Oral symptom manifestations in patients with COVID-19: gustatory and saliva secretion dysfunctions and pathogenetic hypotheses

Joungmok Kim1, Jeong Hee Kim1,2*
1Department of Oral Biochemistry and Molecular Biology, College of Dentistry, Kyung Hee University, Seoul 02447, Republic of Korea
2Department of KHU-KIST Converging Science and Technology, Graduate School, Kyung Hee University, Seoul 02447, Republic of
Korea
*Correspondence to: Jeong Hee Kim, E-mail: jhkimh@khu.ac.krhttps://orcid.org/0000-0002-3884-4503
August 29, 2024 September 10, 2024 September 10, 2024

Abstract


Coronavirus disease 2019 (COVID-19) is a highly contagious illness caused by severe acute respiratory syndrome coronavirus 2 (SARS-CoV-2). This disease is characterized by a wide spectrum of symptoms, ranging from mild to severe, including fatal outcomes. This study aims to review gustatory and salivary secretion dysfunctions and determine their potential pathogenic mechanisms. Gustatory impairment and salivary dysfunction are prevalent among patients with acute COVID-19 and those recovering from the disease. The mouth serves as a critical entry route for SARS-CoV-2. The cells within the oral epithelium, taste buds, and minor and major salivary glands express key entry factors for SARS-CoV-2, including angiotensin-converting enzyme 2, transmembrane serine protease 2, and furin. The co-occurrence of gustatory and salivary secretion dysfunctions possibly has pathogenetic association with the following factors: the expression of SARS-CoV-2 cellular entry receptors in the taste buds and salivary glands and SARS-CoV-2–induced zinc deficiency, which is crucial for normal taste perception and saliva secretion. Furthermore, the cytokine storm triggered by COVID-19 contributes to secondary damage affecting gustatory and salivary functions.


COVID-19 , Taste disorders , Salivary gland diseases , Pathogenesis

초록

    © The Korean Academy of Oral Biology.

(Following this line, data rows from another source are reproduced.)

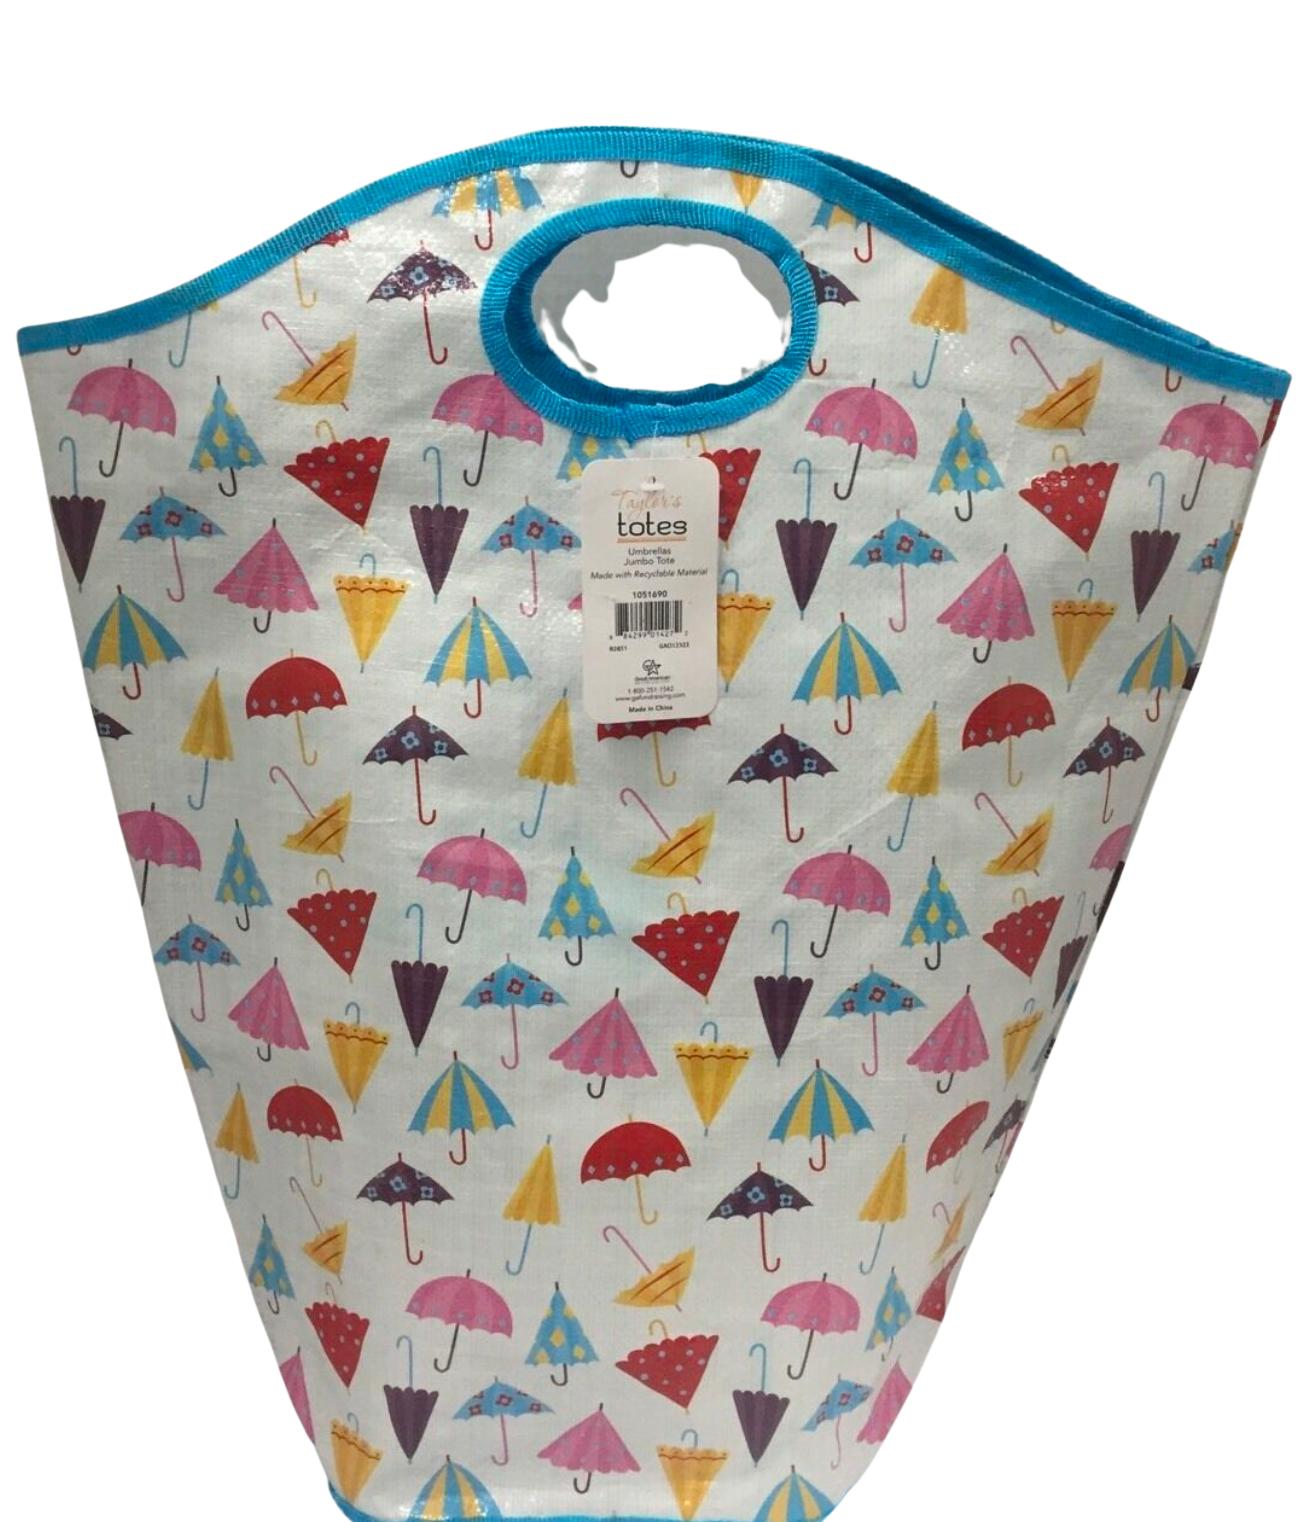 Taylor's totes - Umbrella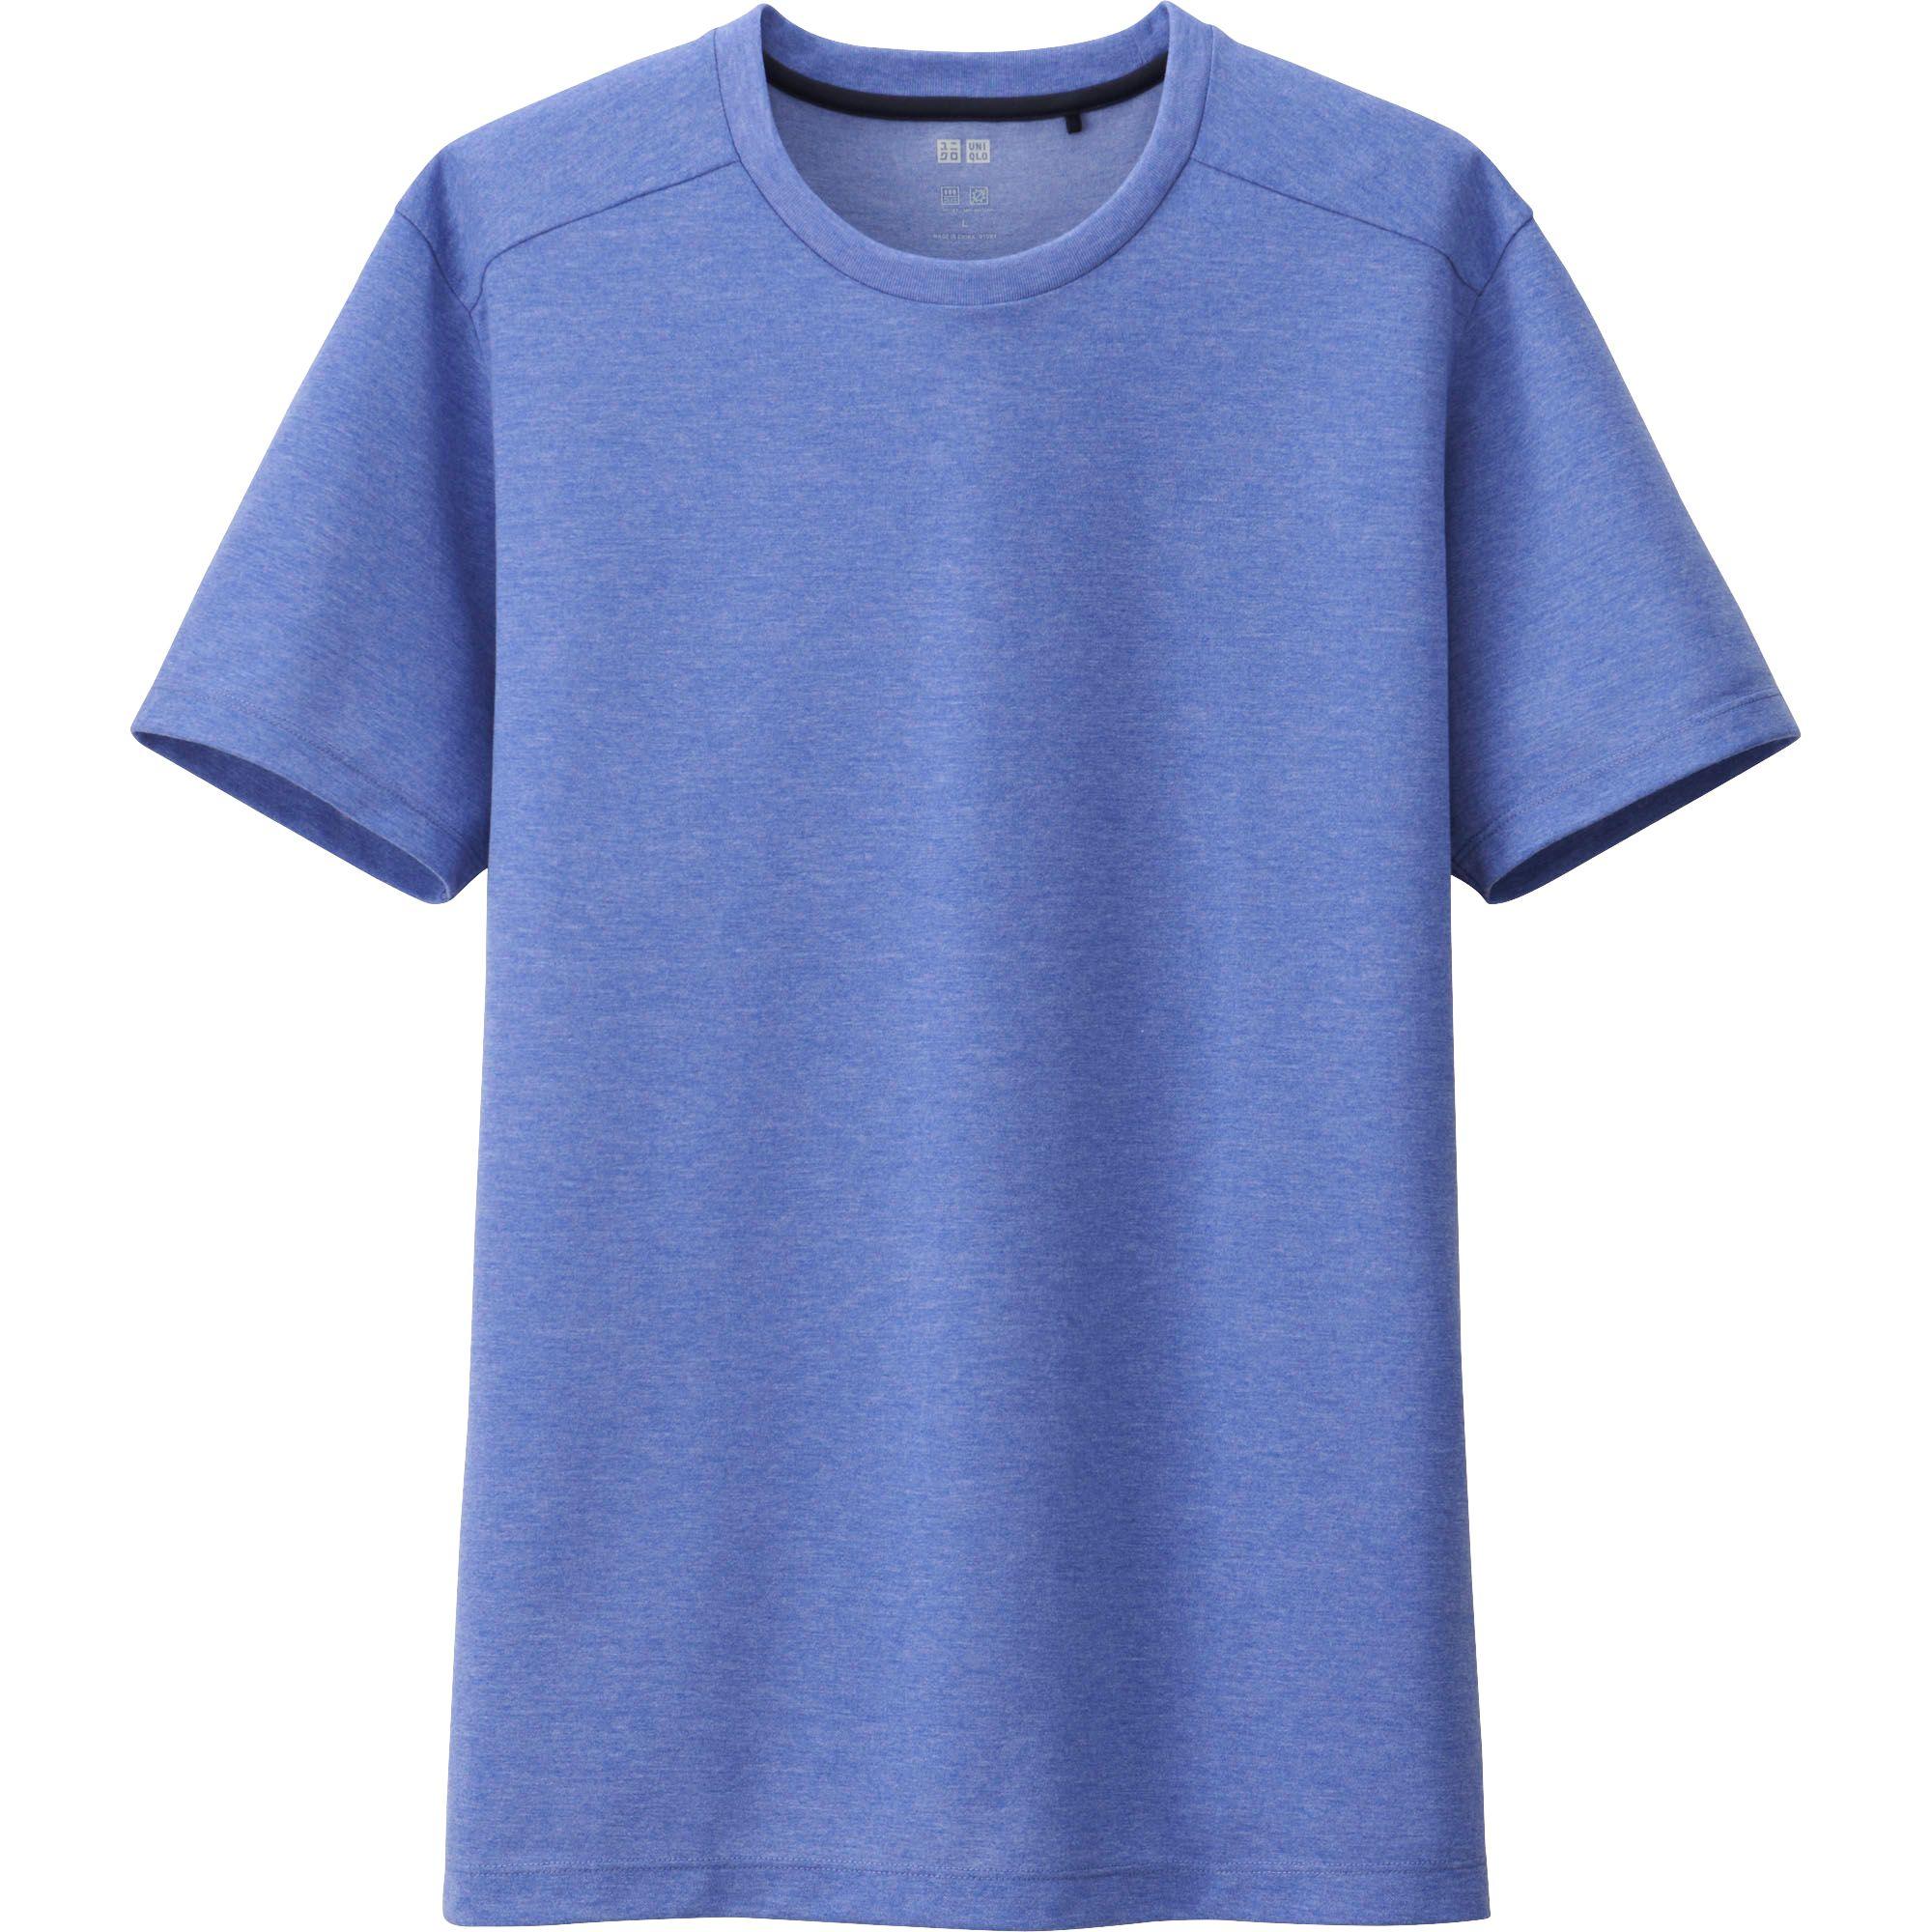 Uniqlo blue men dry ex crew neck short sleeve t shirt for Uniqlo t shirt sizing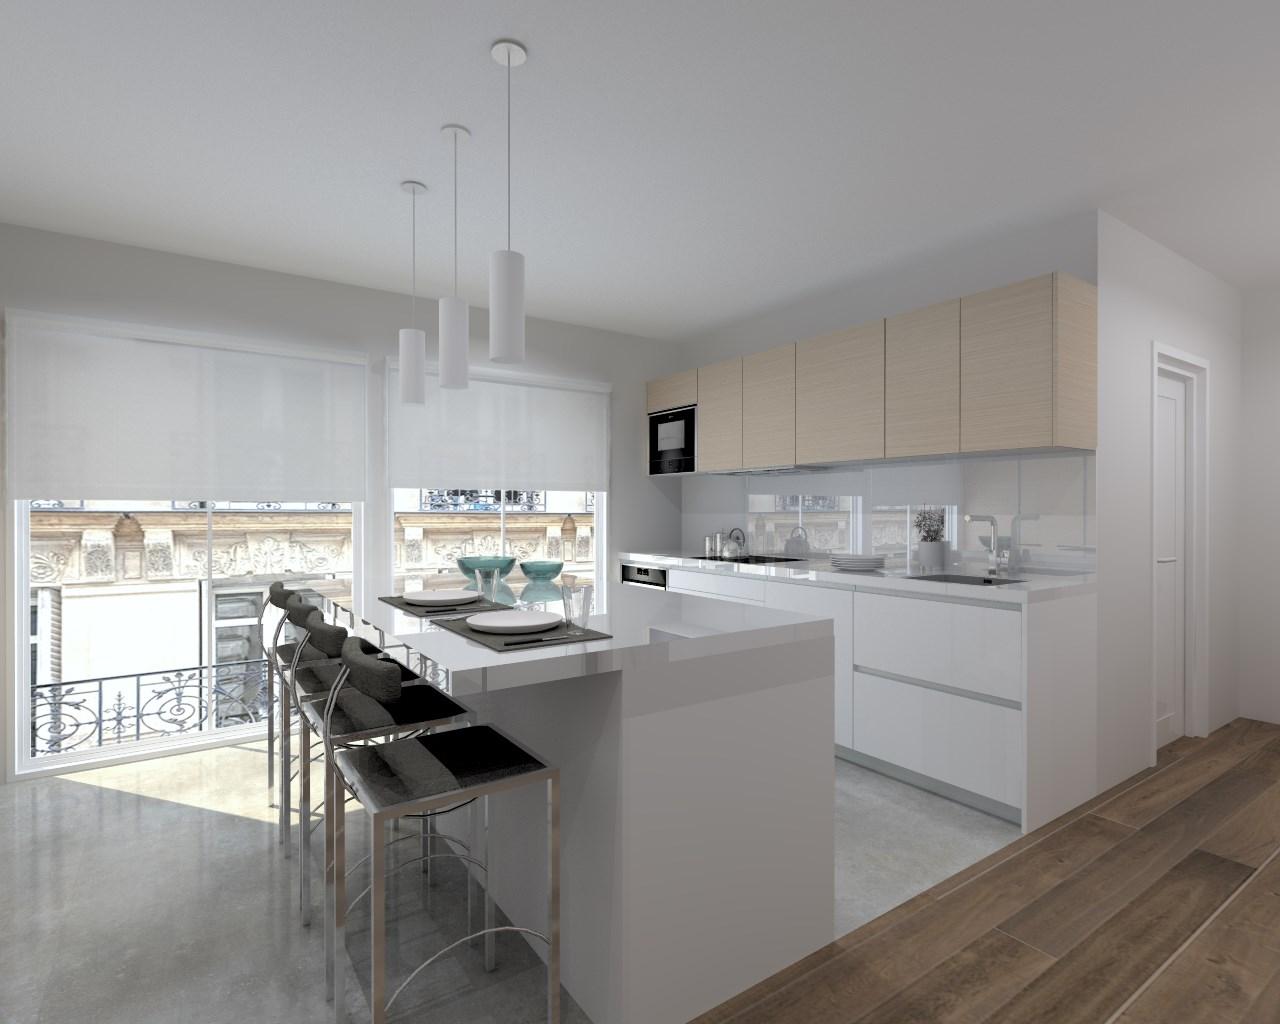 Cocina santos modelo line estratificado blanco y roble for Modelos de cocinas 2016

All rights reserved.

    This is an open-access article distributed under the terms of the Creative Commons Attribution Non-Commercial License (http://creativecommons.org/licenses/bync/4.0/) which permits unrestricted non-commercial use, distribution, and reproduction in any medium, provided the original work is properly cited.

    Introduction

    The coronavirus disease 2019 (COVID-19) pandemic triggered by the severe acute respiratory syndrome coronavirus 2 (SARS-CoV-2) spread worldwide. And the pandemic resulted in unprecedented socio-economic and health impacts [1]. SARS-CoV-2 has resulted in > 775 million COVID-19 patients worldwide [2]. In Korea, Korea Disease Control and Prevention Agency (KDCA) [3] data indicate that > 34 million COVID-19 patients with > 35,000 deaths were reported from January 20th, 2020 to August 31st, 2023.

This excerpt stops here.